Independence would give Scotland the opportunity to press ‘reset’ on its engagement with the world. In defending itself, and in reaching out to the international community, the scope for change is considerable.
Scottish taxpayers contribute sizeably to UK defence, over £3 billion per year. Scotland is poorly defended for this outlay; a great many Scots also resent how this money is spent. An independent Scotland could develop a more modest and effective defence model which gives primacy to patrolling and defending Scotland’s sizeable coastline, sea and airspace, and to protecting Scotland’s people and national resources.
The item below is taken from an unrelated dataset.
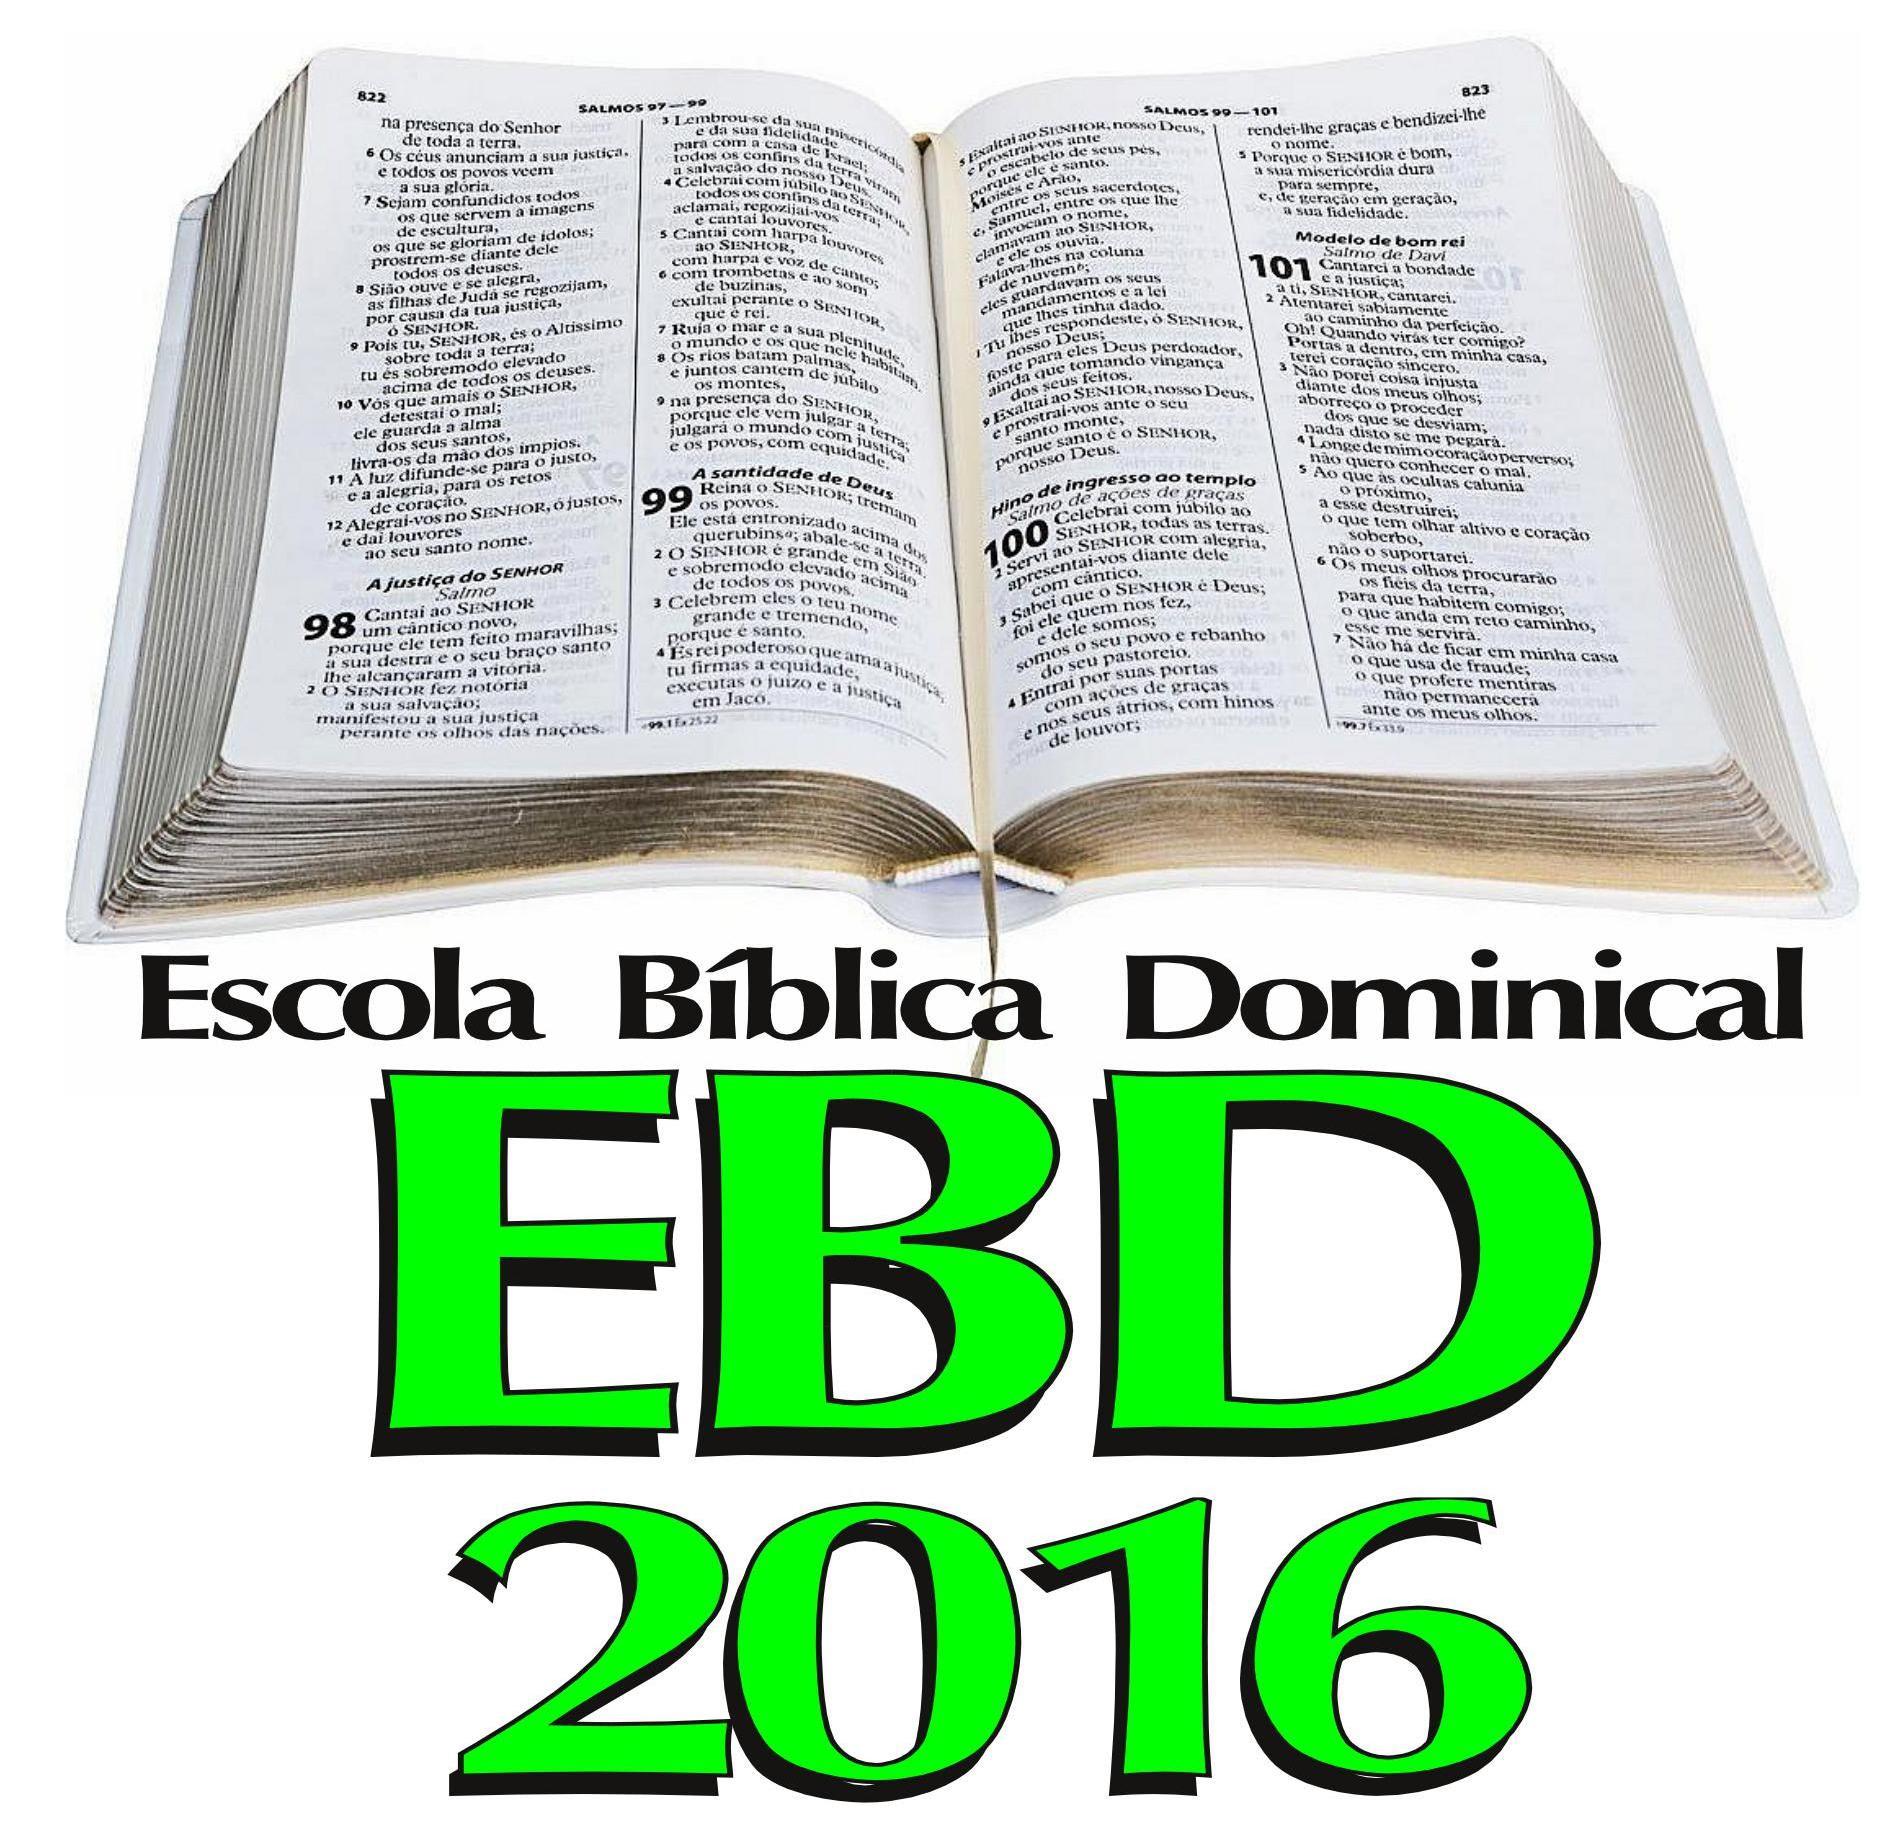 EBD 2016 - Arte2.jpg

As well as defending itself better for less, Scots would also notice significant benefits from having a defence infrastructure based in Scotland. Firstly, a Scottish Defence Force would be peopled by salaried personnel (military and civilian) who are overwhelmingly resident – and spending – in Scotland. Secondly, developing new infrastructure and refurbishing old would generate considerable cross-sector employment. Given the emphasis there would likely be on developing Scotland’s maritime capabilities, Scottish shipbuilding would probably be given a major boost. Scotland would inherit some vessels from the UK but not all that it would need; the fleet shortfall would be built in Scotland.
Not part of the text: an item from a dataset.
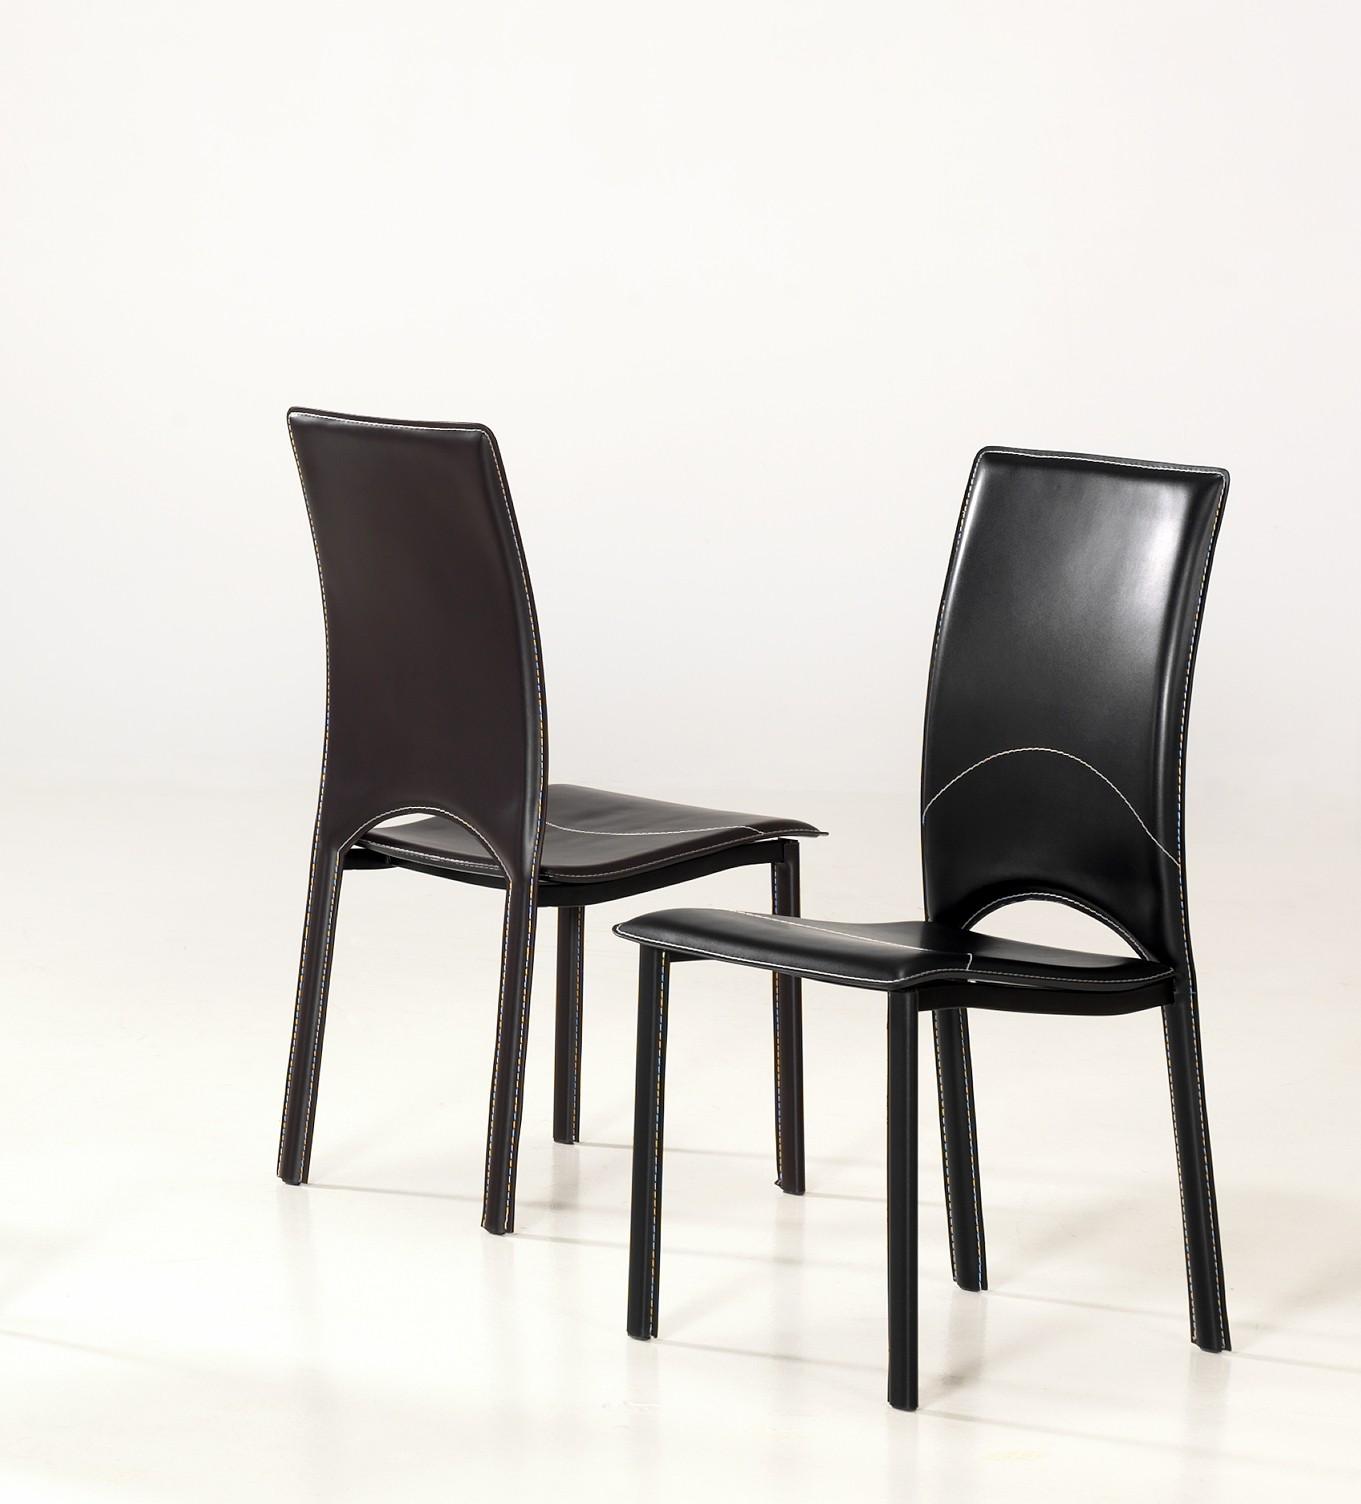 Chaises de salle à manger design noire (lot de 4) Cheyenne
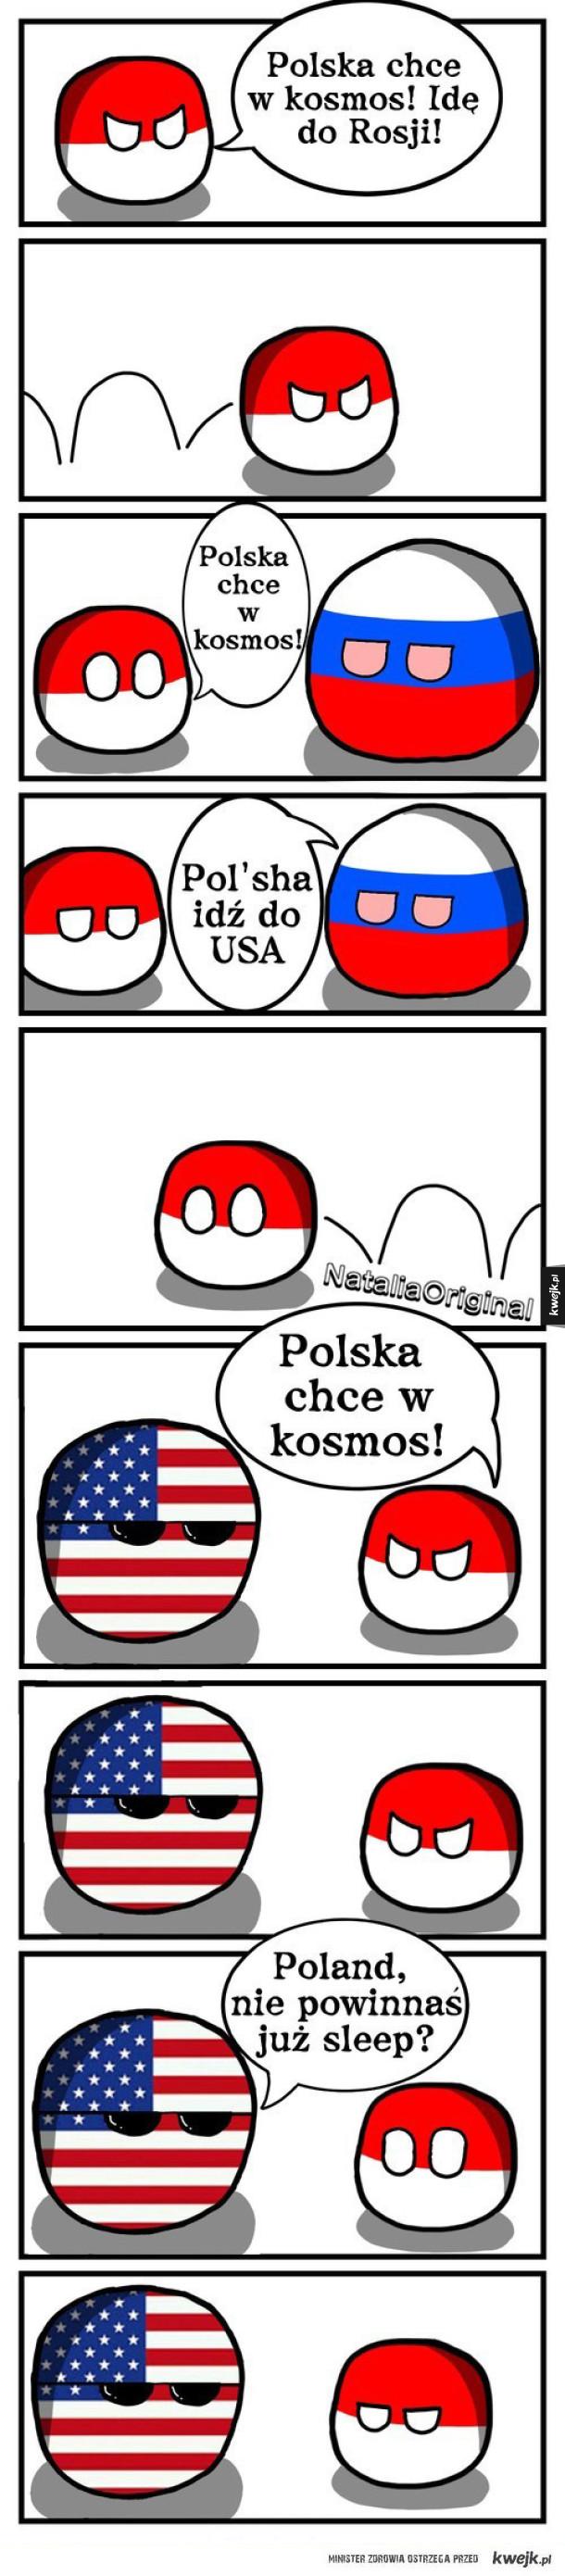 Dlatego Polska jeszcze nie była w kosmosie

Making these observations does not represent some nefarious genuflection towards the military-industrial-complex; it reflects instead a rational acceptance that independent Scottish governments would allocate substantial annual defence budgets, and that – unlike the current situation – a sizeable proportion of that expenditure would remain in Scotland.
How would an independent Scotland engage with the world? Scotland could show itself to be a responsible international actor by enshrining appropriate dedicated articles in its written constitution. Aside from those suggested in the White Paper, other appropriate articles might include:
– An article deeming ‘unconstitutional’ any acts undertaken by the Scottish state with intent to disturb the peaceful relations between nations, especially through military aggression.
– Deeming it ‘unconstitutional’ for the Scottish state to export weapons (thus precluding the development of a Scottish arms industry)
Following independence, Scotland could place its experience of peaceful democratic transition at the centre of its international outreach. If successful in evicting Trident, it could also credibly posit itself as a key player in rejuvenating the international non-proliferation agenda. These experiences could form a cornerstone of Scotland’s international engagement. The vehicle for facilitating this would be a Scottish Institute for Peace and Disarmament (SIPD).
SIPD would be a centre of research and international exchange whose knowledge-base and authority would be based upon Scotland’s experience of peaceful constitutional change, nuclear disarmament and military transition. As well as emerging as a leading research institute, SIPD could also host international conferences and summits aimed at encouraging greater dialogue, cooperation and practical progress on these issues. SIPD could also send ‘working groups’ on educational and advisory visits to states and regions experiencing tensions from constitutional, secession or proliferation issues.
Independence could see Scotland sculpting its own distinctive international footprint, with a defence model more appropriate to Scotland’s actual needs and a foreign policy stance which emphasises peace, knowledge exchange and constructive international dialogue.